→ **THE PROBLEM**: From the first line to the last, set down the material exactly, leaving out its pictures.

→ **DATA EXCERPT**:

----------

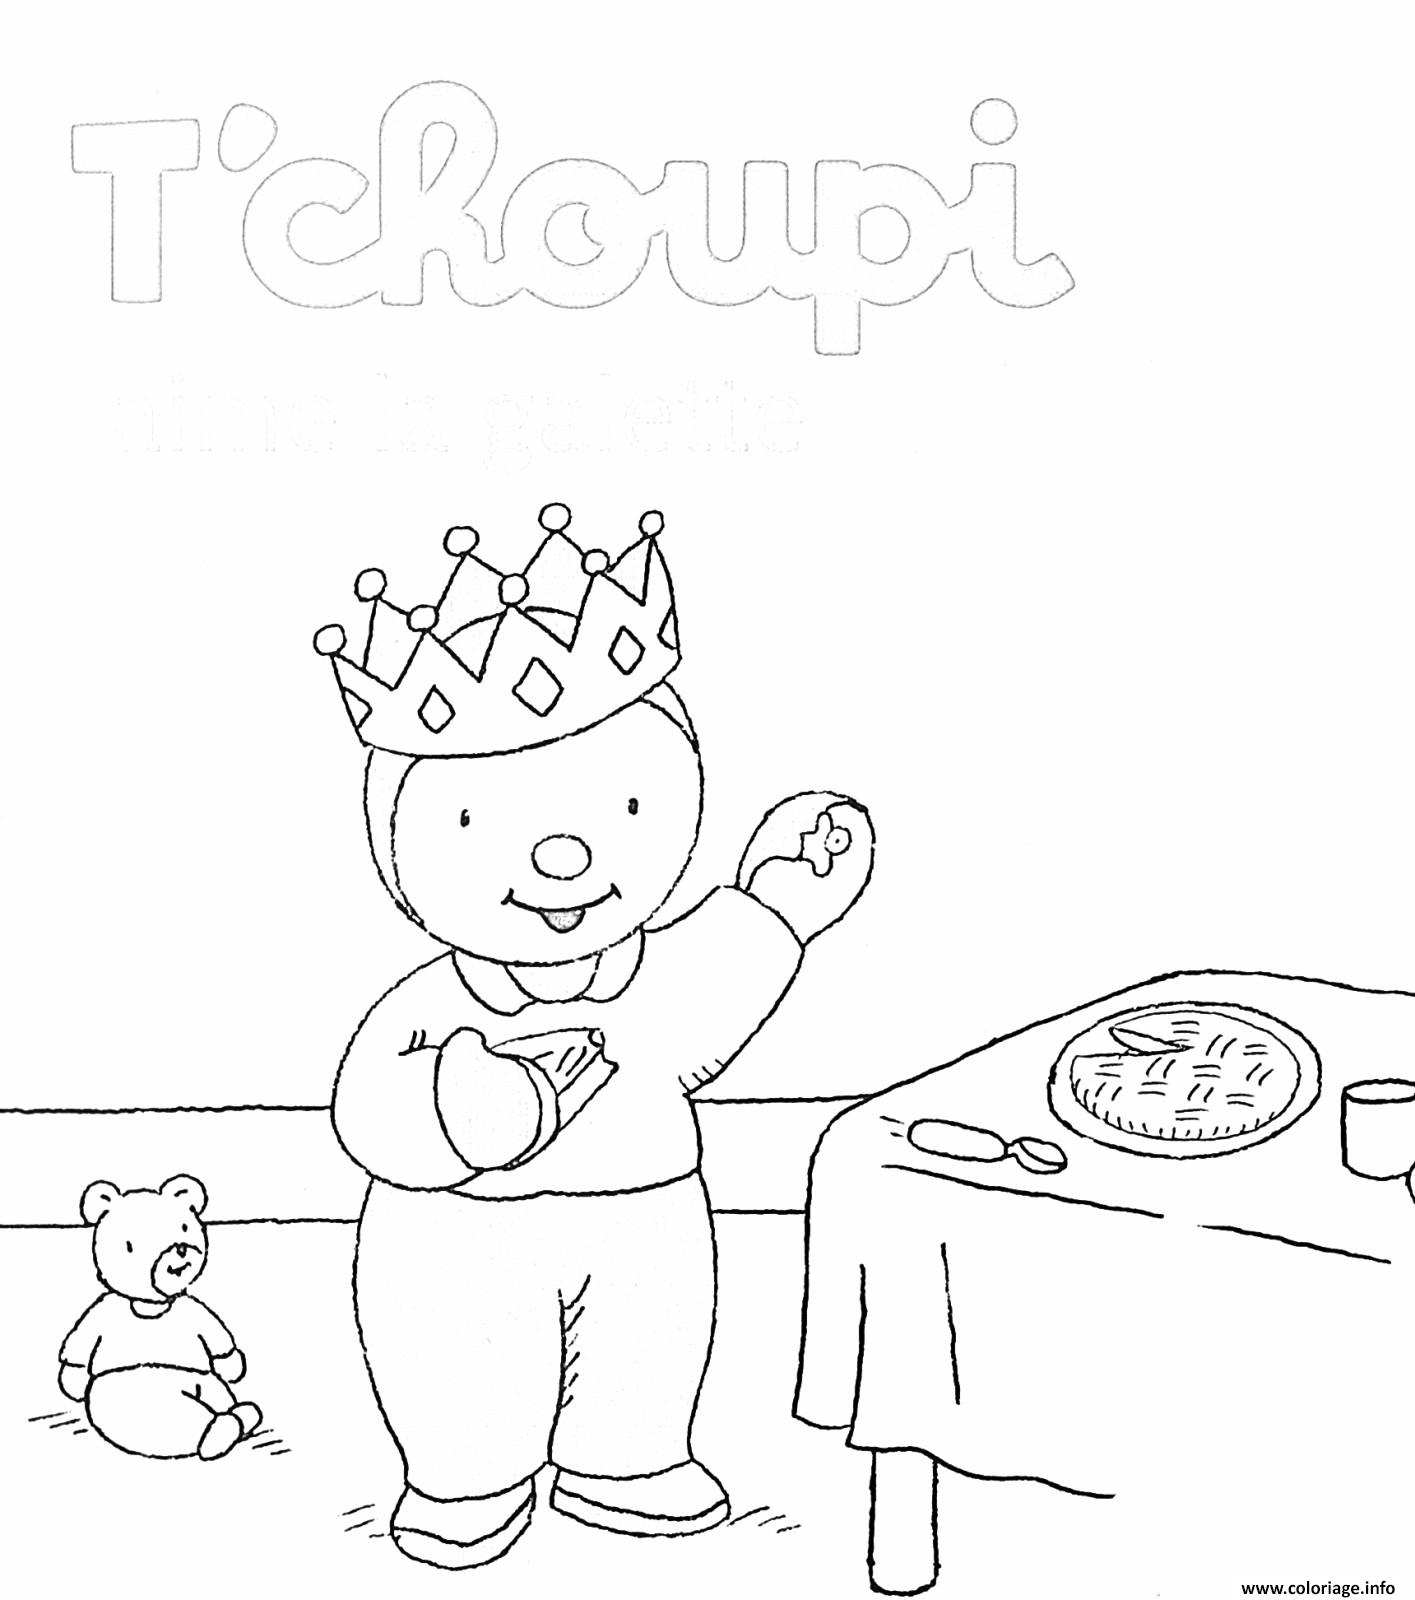 Coloriage tchoupi 225 dessin - Coloriage tchoupi imprimer ...
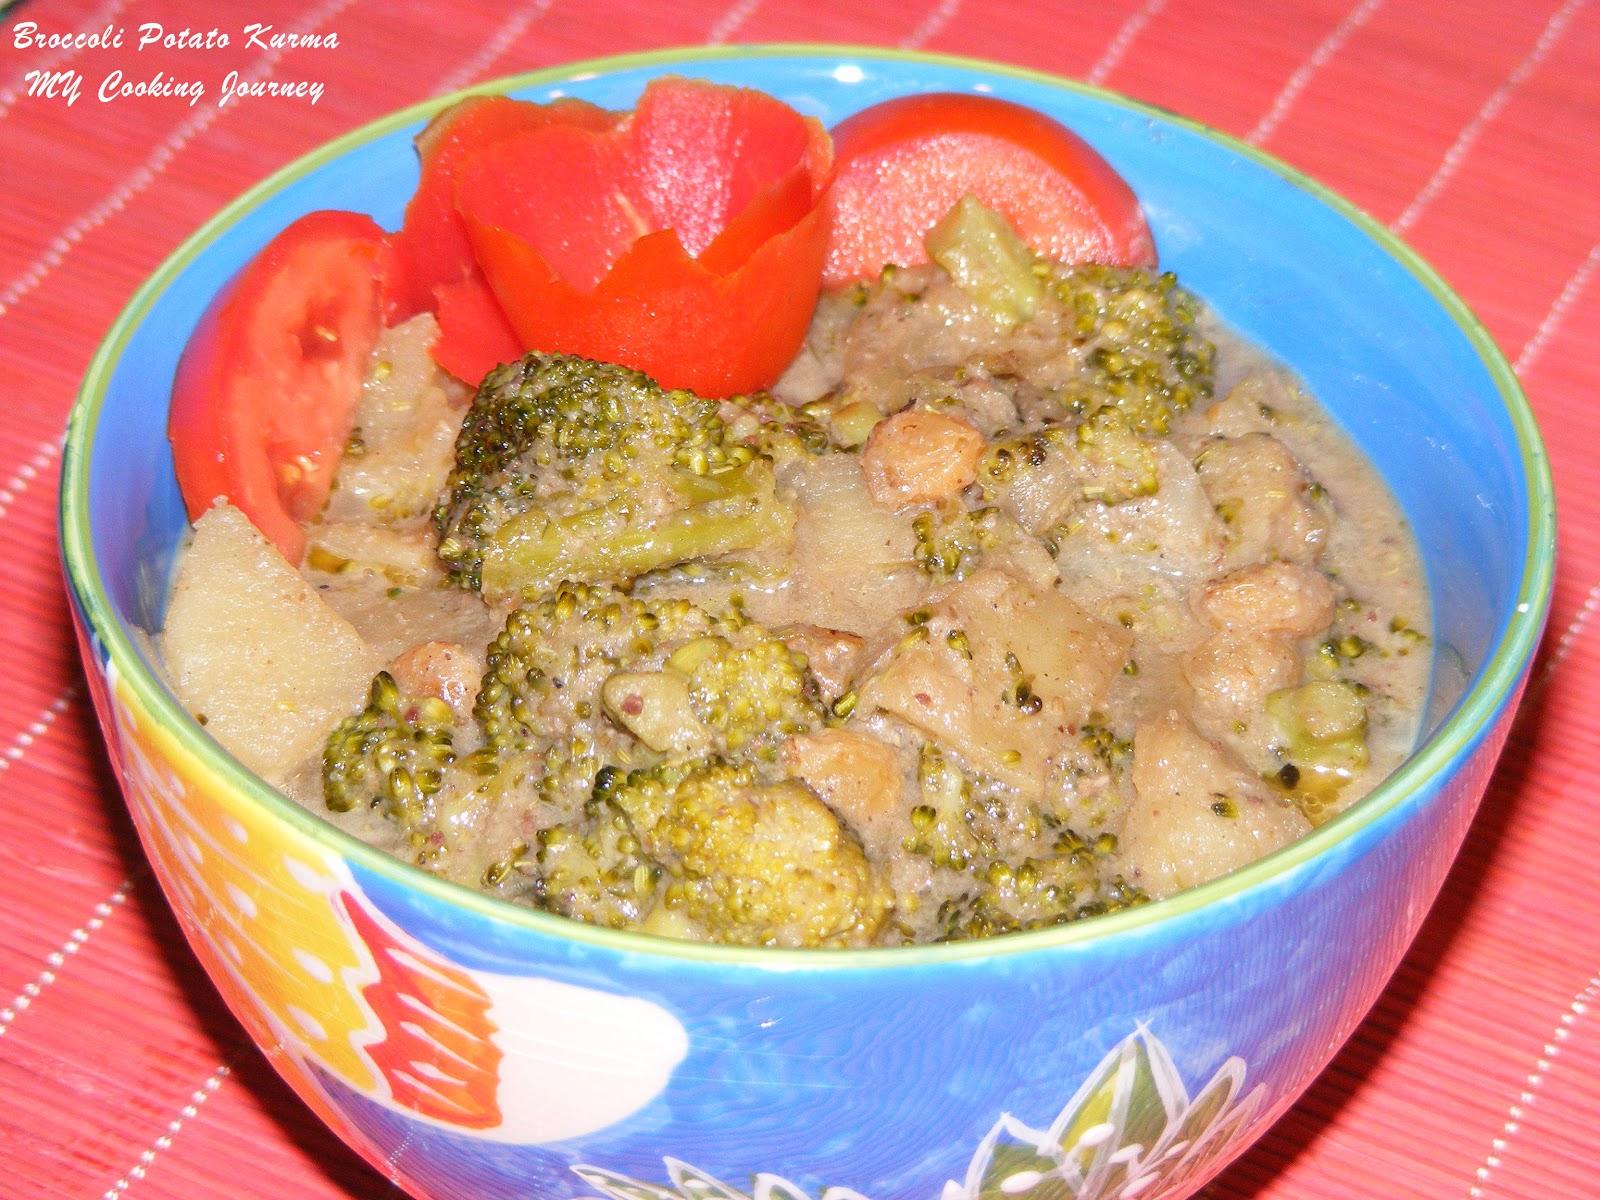 How to Make Fennel, Broccoli and Potato Bake
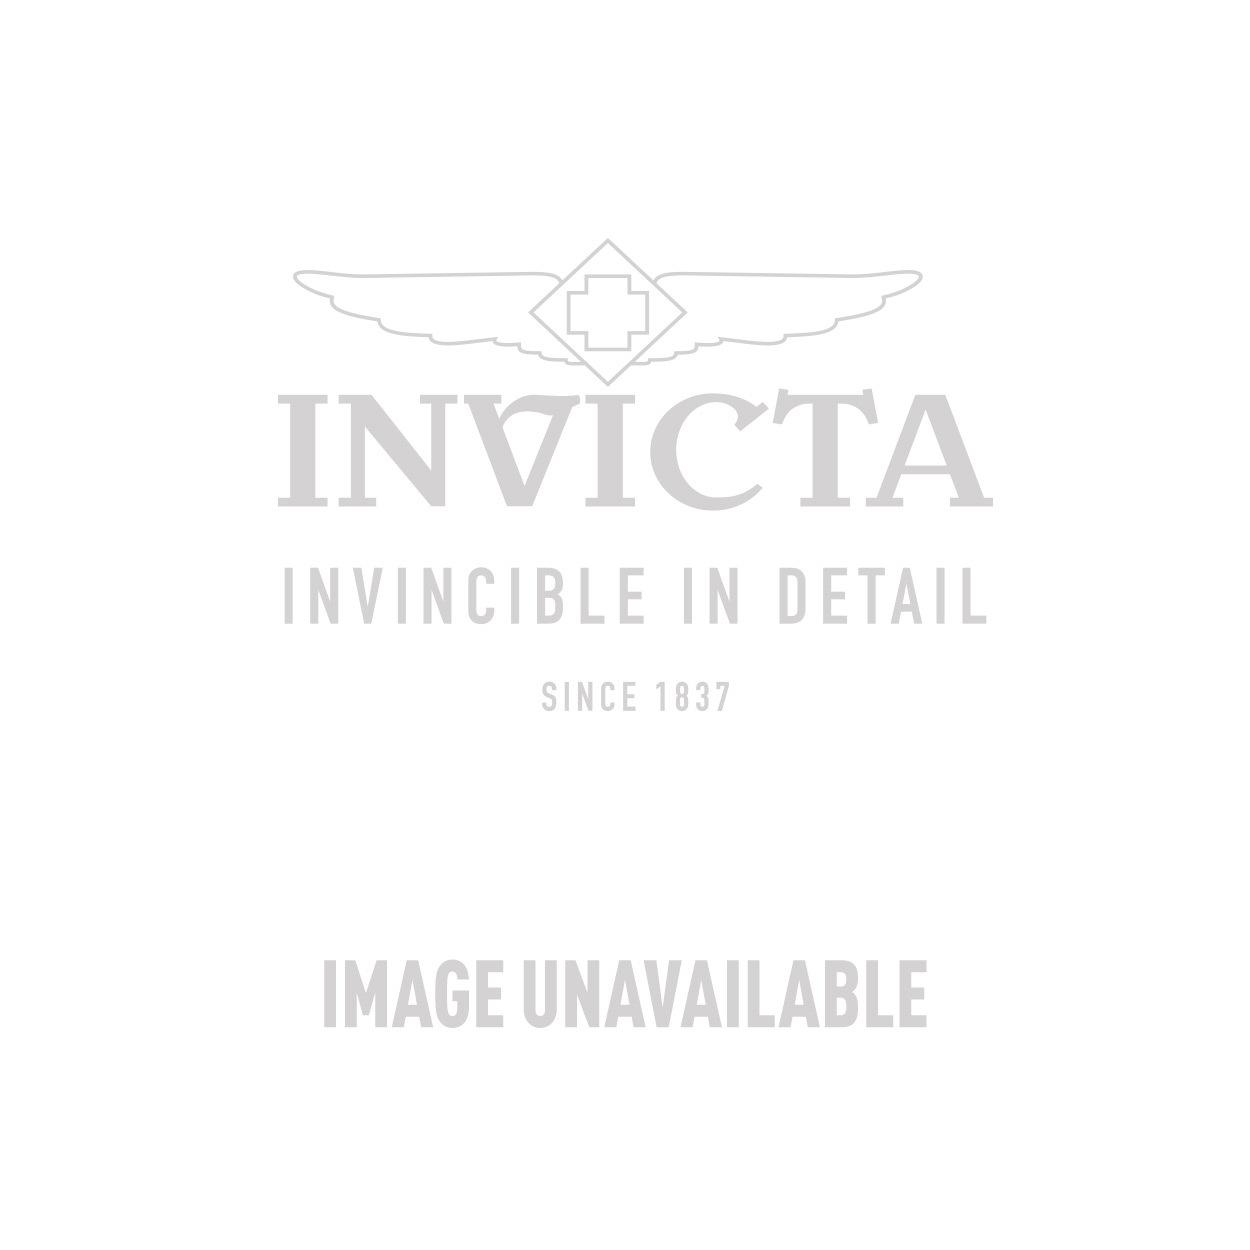 Invicta Corduba Swiss Movement Quartz Watch - Rose Gold case with Blue tone Polyurethane band - Model 10505

----------

→ **RESPONSE BELOW**:
 Coloriage tchoupi 225 dessin - Coloriage tchoupi imprimer ...
 How to Make Fennel, Broccoli and Potato Bake
 Invicta Corduba Swiss Movement Quartz Watch - Rose Gold case with Blue tone Polyurethane band - Model 10505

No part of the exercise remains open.